GIVEN INFORMATION: Begin
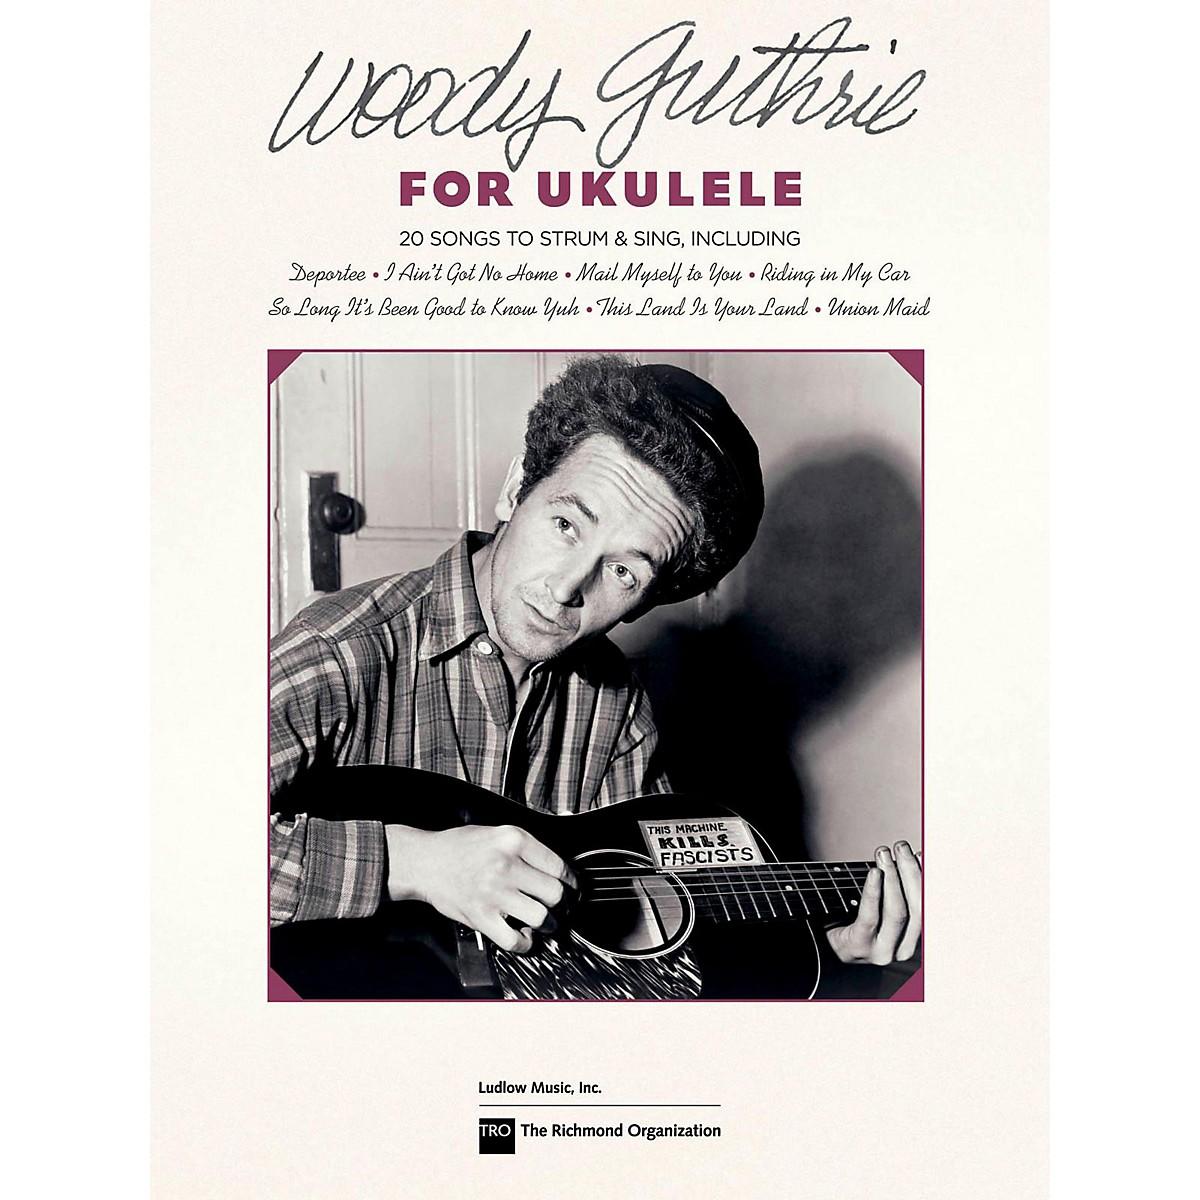 Hal Leonard Woody Guthrie For Ukulele
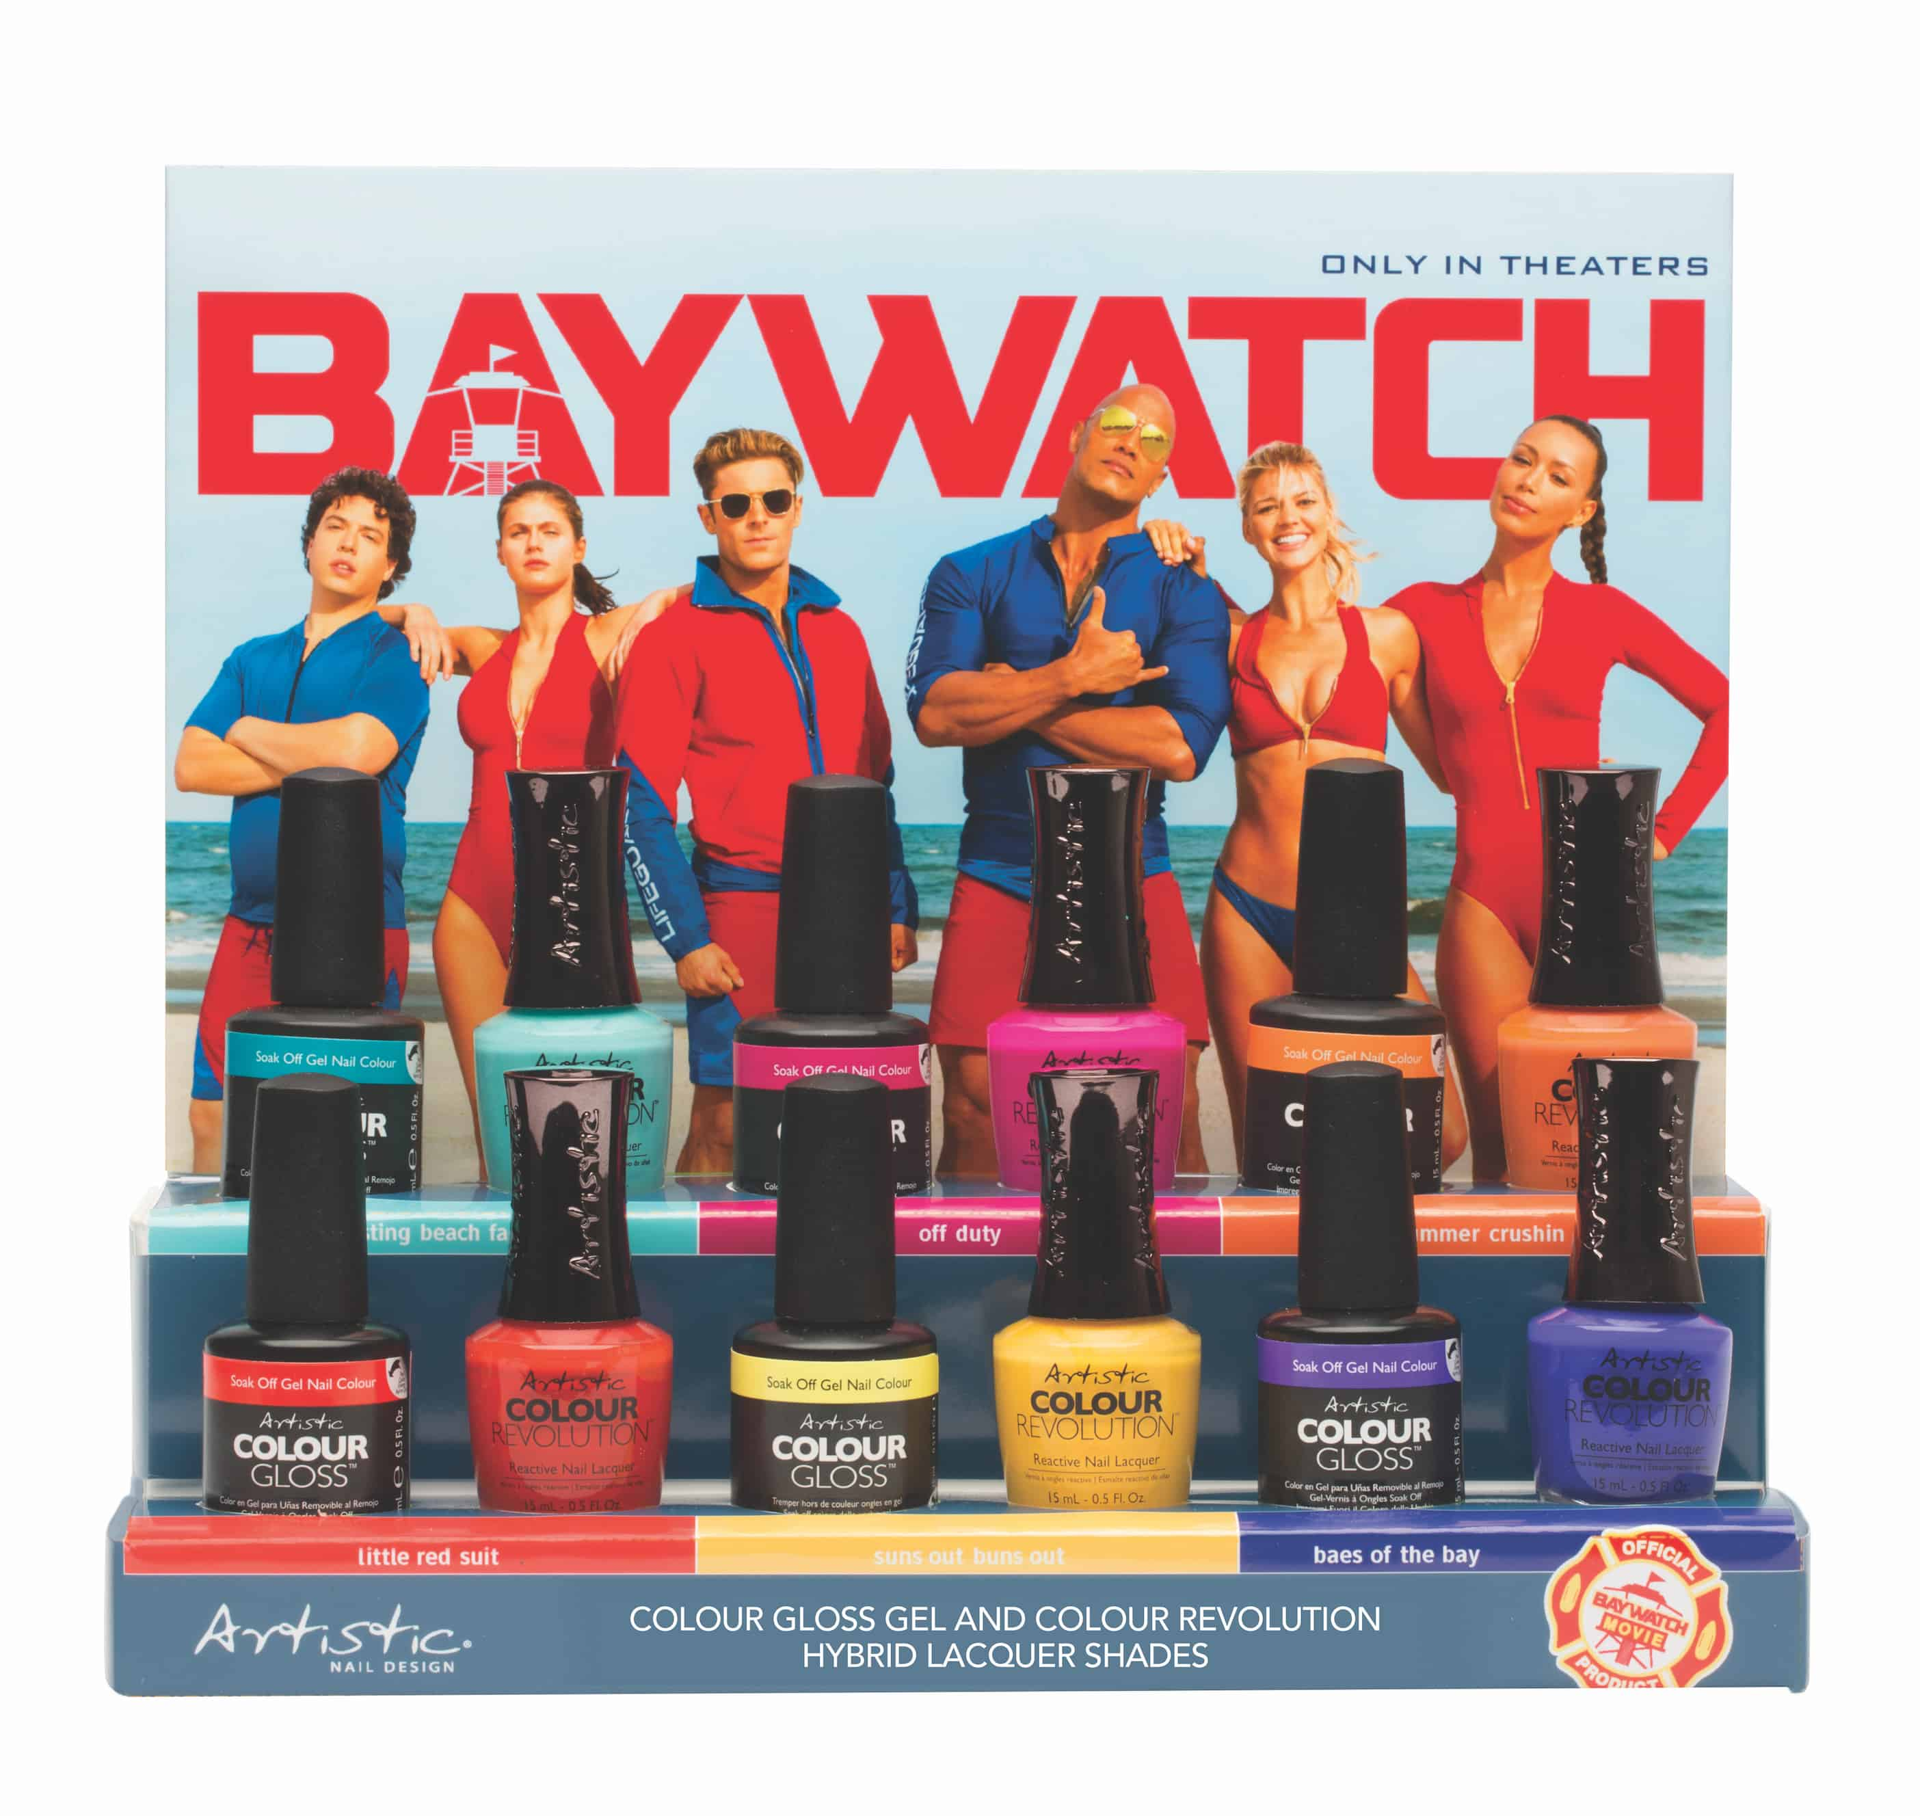 smalti Baywatch
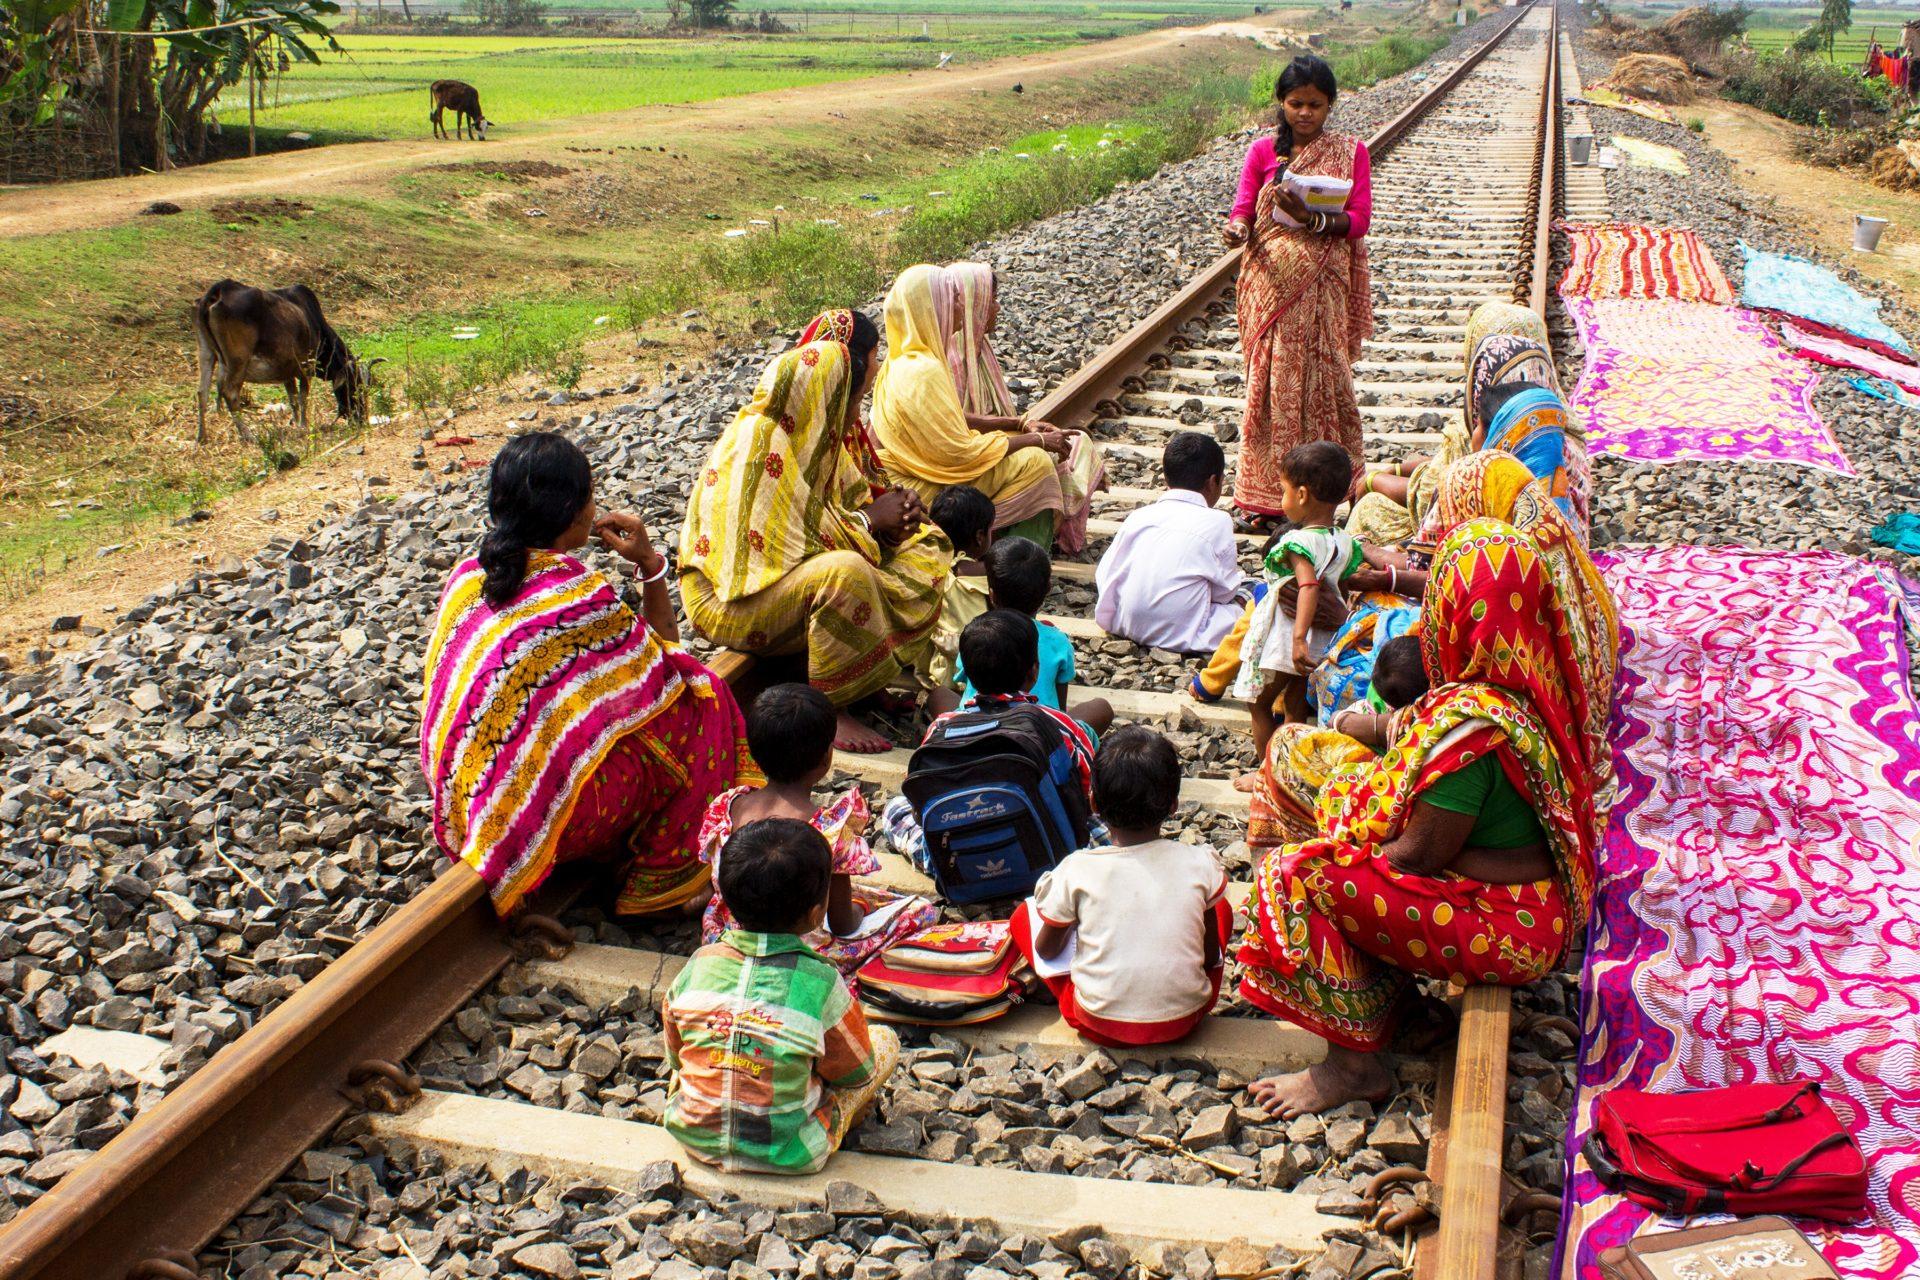 Women teaches women and children on a train track.
GIVEN INFORMATION: End
Leaving out only the pictures, reproduce the listing exactly.

▶ _FINAL ANSWER_:
 Hal Leonard Woody Guthrie For Ukulele
 smalti Baywatch
 Women teaches women and children on a train track.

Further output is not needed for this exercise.